Reactions to the post on Amazon’s Glacier secret were varied and sometimes enlightening – with one savvy observation that I wish I’d made. The post made Hacker News (h/t to Mark Watson for the alert) and received 40+ comments.
A number of folks suggested that Glacier used some variation on what Amazon already does: disks in commodity servers. With wrinkles:
- S3 + code to ensure waiting.
- Special low-RPM disks designed to stay powered down, but racked and ready to spin up, with low-power controllers.
- Old hard drives that are no longer economical for more intensive service, supported by disk-handling robotics.
Long story short, almost everyone thought it was disks in some power-down configuration. Which makes sense if power is the driving cost for an Internet-scale data center.
But power isn’t the driving cost. It is one cost, but when you buy megawatts, your pricing is very different than at home.
Why not disks?
An easy reason is that the cost of a disk slot is significant. It has to be powered, racked, controlled and managed. While powering down the disks allows for power system over-provisioning – which lowers the cost per unit of the power system – you still have to cable it up. As StorageMojo noted in a review of a Google paper:
- The capital cost of provisioning a single watt of power is more expensive than 10 years of power consumption.
- Data centers are most economically efficient operating at close to 100% of provisioned power.
- The greatest opportunity for power savings comes reducing the power consumption of idle kit, not from making busy kit more efficient.
Saving power is a Good Thing, but at Internet scale it is also a Different Thing. While power is important to operating expense, it is the capital expense – the first money in – that drives economic efficiency. In 10 years all the servers, switches and disks get replaced, so you can improve OpEx, but capital dollars sit there forever.
Unless the prices of copper, PDUs and diesel-generators have started following Moore’s Law, this is probably more true today than in 2007.

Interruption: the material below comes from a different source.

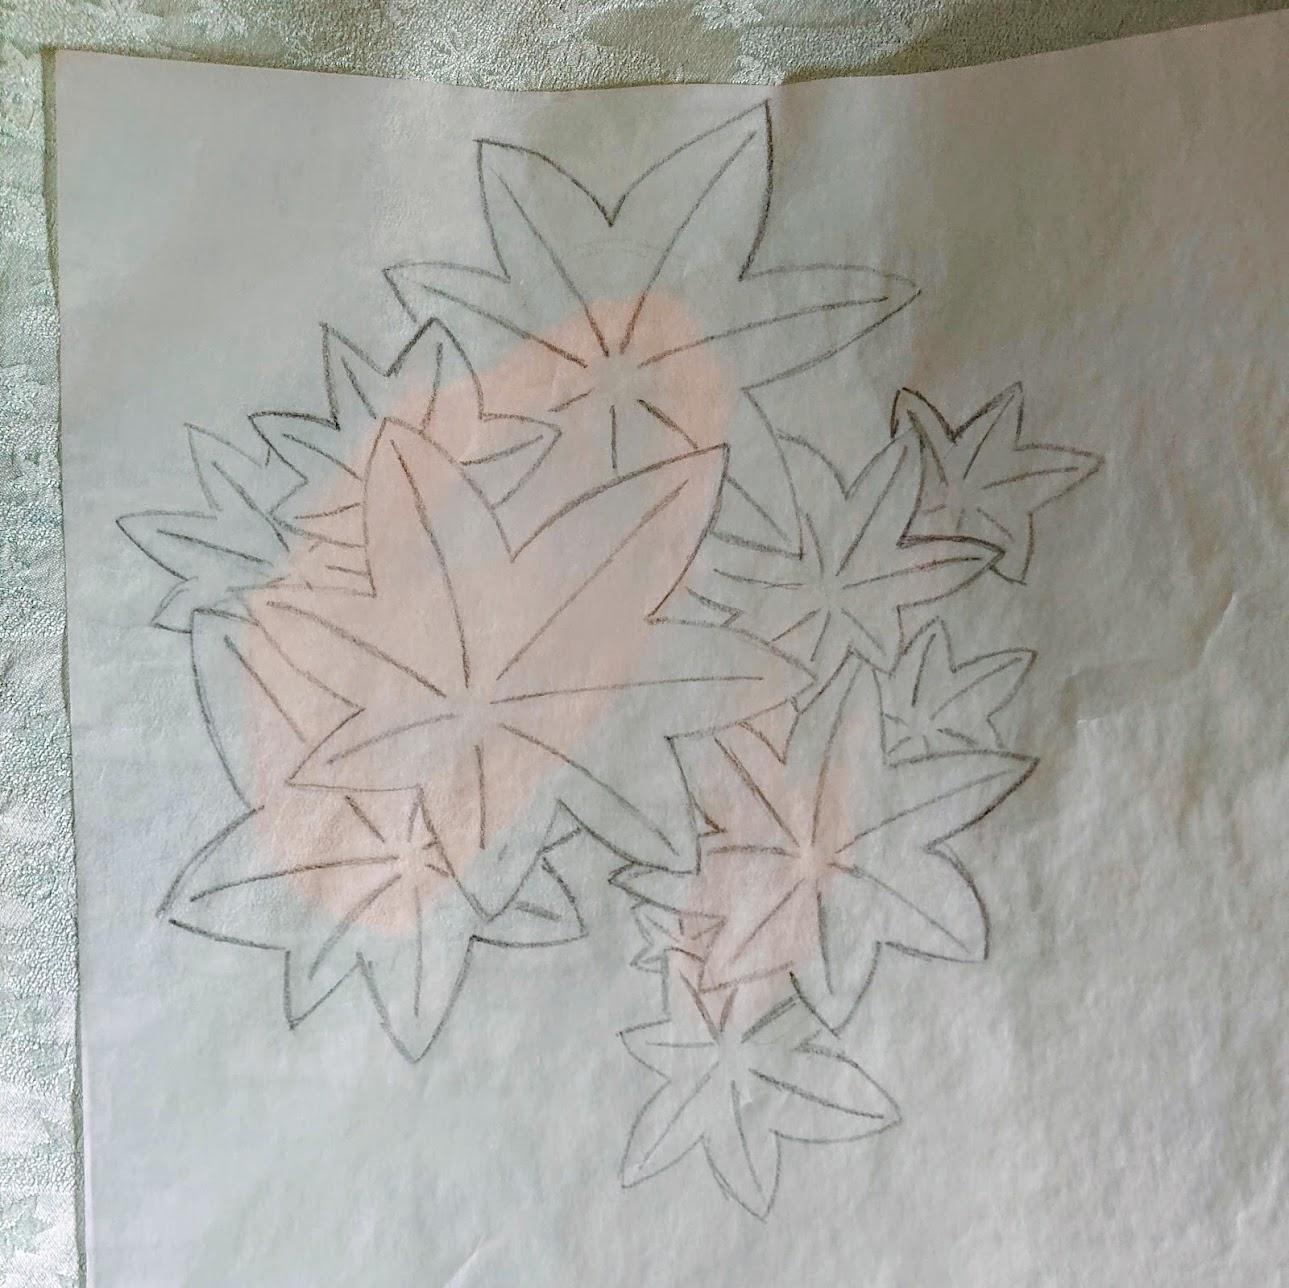 Hand Embroidery Fix on Kimono | FAFAFOOM.COM

Bottom line: even if power cost nothing, nada, zip, you’d save at most 50% and probably less. And when Glacier came out, the savings over S3 were much greater, but even today it’s 1/3rd the price of S3. Power savings alone can’t justify Glacier’s pricing.

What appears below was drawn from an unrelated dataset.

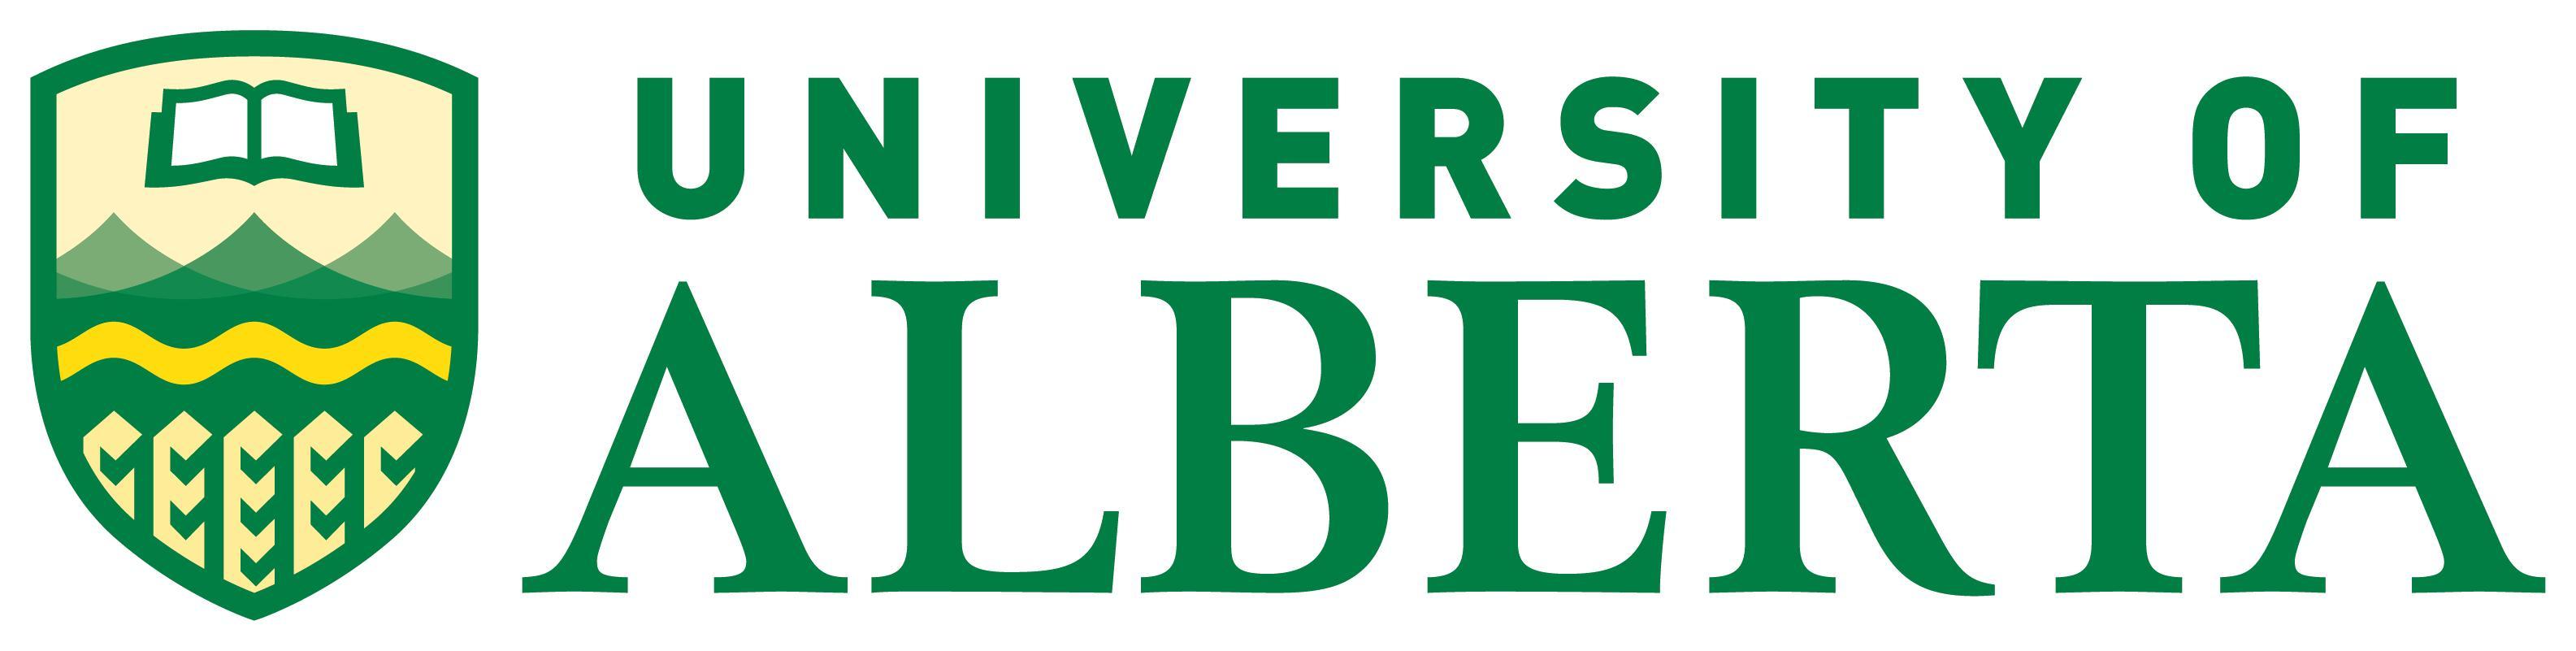 University of Alberta (Department of Psychiatry).

The savvy observation I wish I’d made came from StorageMojo commenter Nikunj Verma:
I can’t help but notice that “lean practitioners” would definitely see a strong case for doing above in the beginning. Why make huge investments upfront in actual datacenters without validating how big the market would be?

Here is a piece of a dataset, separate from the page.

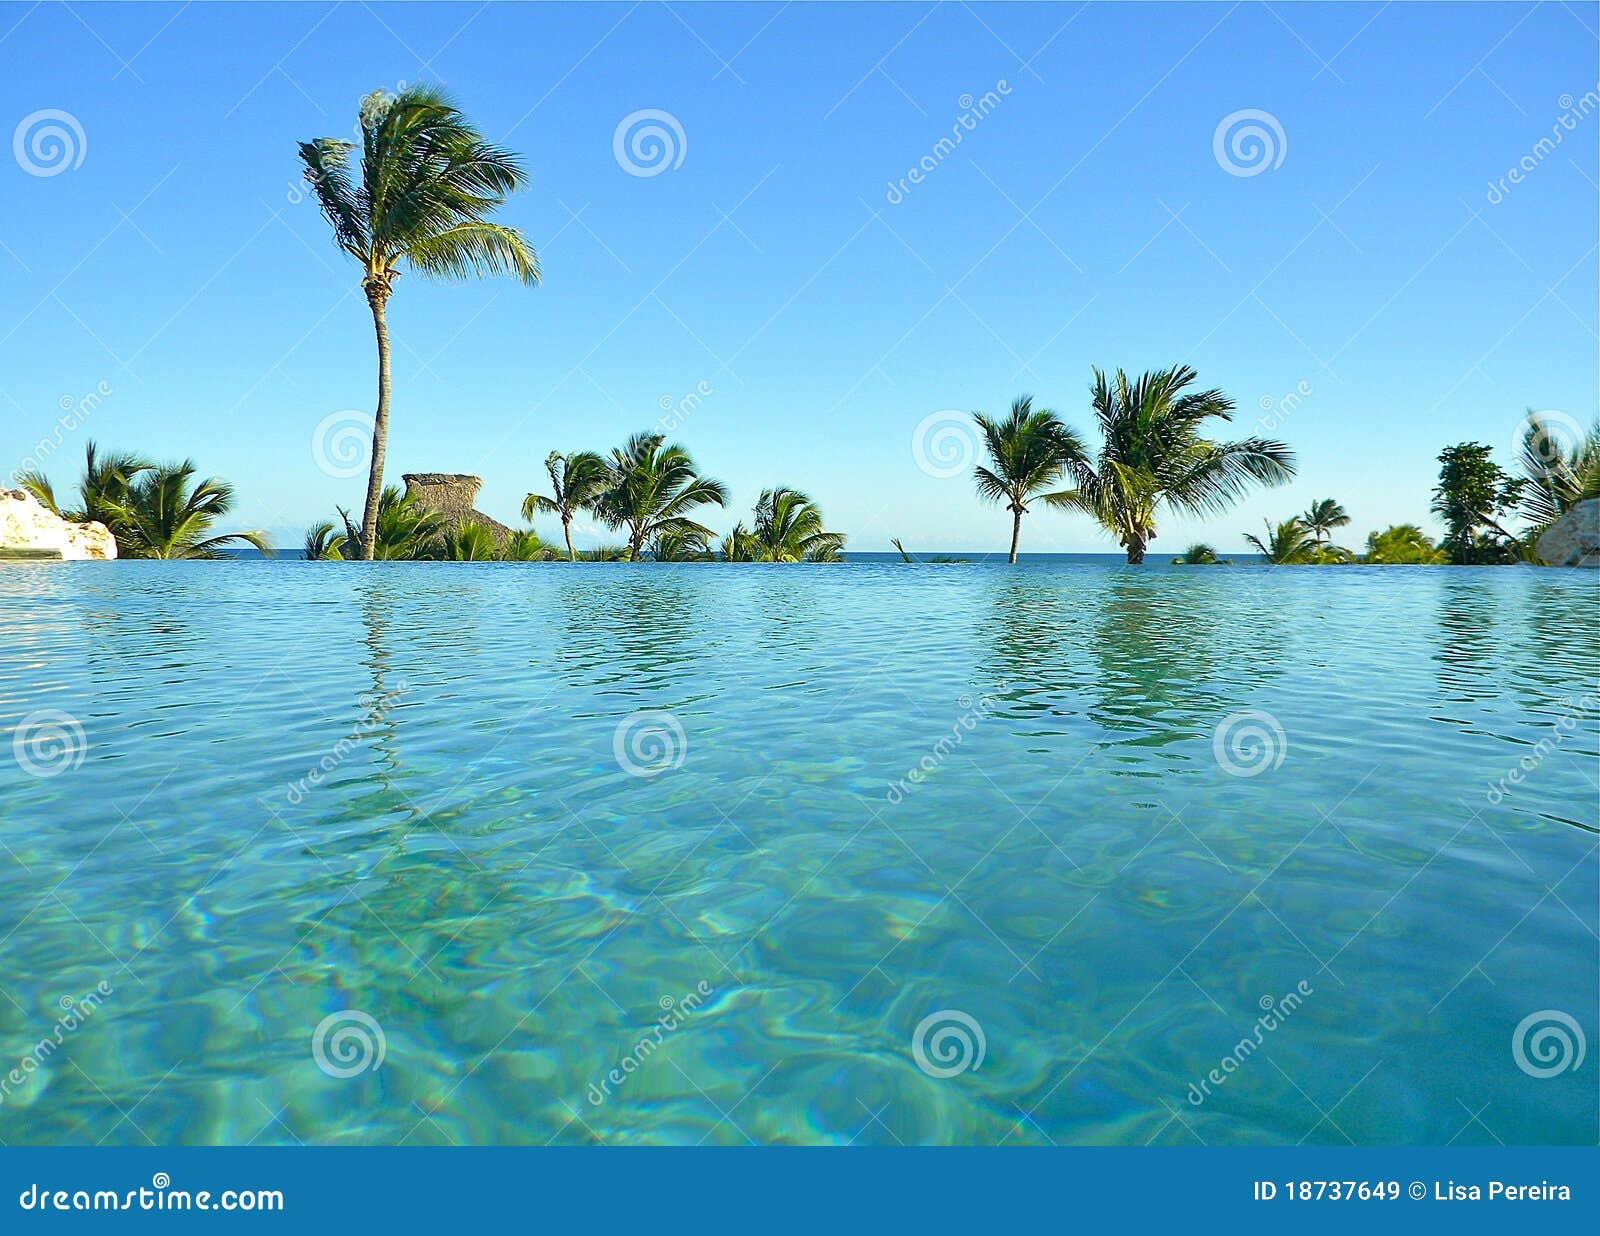 infinity pool punta cana resort stock image image of. Black Bedroom Furniture Sets. Home Design Ideas

That answers the question of why supposedly ex-AWS people might believe Glacier is disk-based.
Glacier’s pricing wrinkle
Some people pointed to Glacier’s pricing as evidence, unless, as some suggested, AWS doesn’t need to make money. Uh-huh. But one point neither they or I mentioned is Glacier’s price for data deletion within 3 months of upload:
In addition, there is a pro-rated charge of $0.03 per gigabyte for items that are deleted prior to 90 days.
Thus AWS is intent on getting at least 3¢/GB out of all data uploaded to Glacier. Which suggests that they have some fixed costs they want to recover, such as, say, media? No deletion charge on S3.
The BDXL question
But NONE of the Hacker News commenters addressed Sony and Panasonic’s continued investment in high-density optical disc technology. Not only are the making triple-layer BDXL today, but they’ve announced plans to go from 300GB to 1TB over time.
It could be that they’re stupid and/or obstinate – which explains a lot of real world behavior – but unlikely given the financial stress both companies are under. There has to be a business reason for the continued investment, i.e. customers prepared to buy a lot of product in the future and buying a lot right now.
The intelligence community could buy a lot and probably does. But I’ve seen credible suggestions that Facebook and Amazon each buy petabytes of storage a week. If, as research has found, much of that data is not accessed after a few months, it would make sense for them to go optical, as FB has announced it is testing.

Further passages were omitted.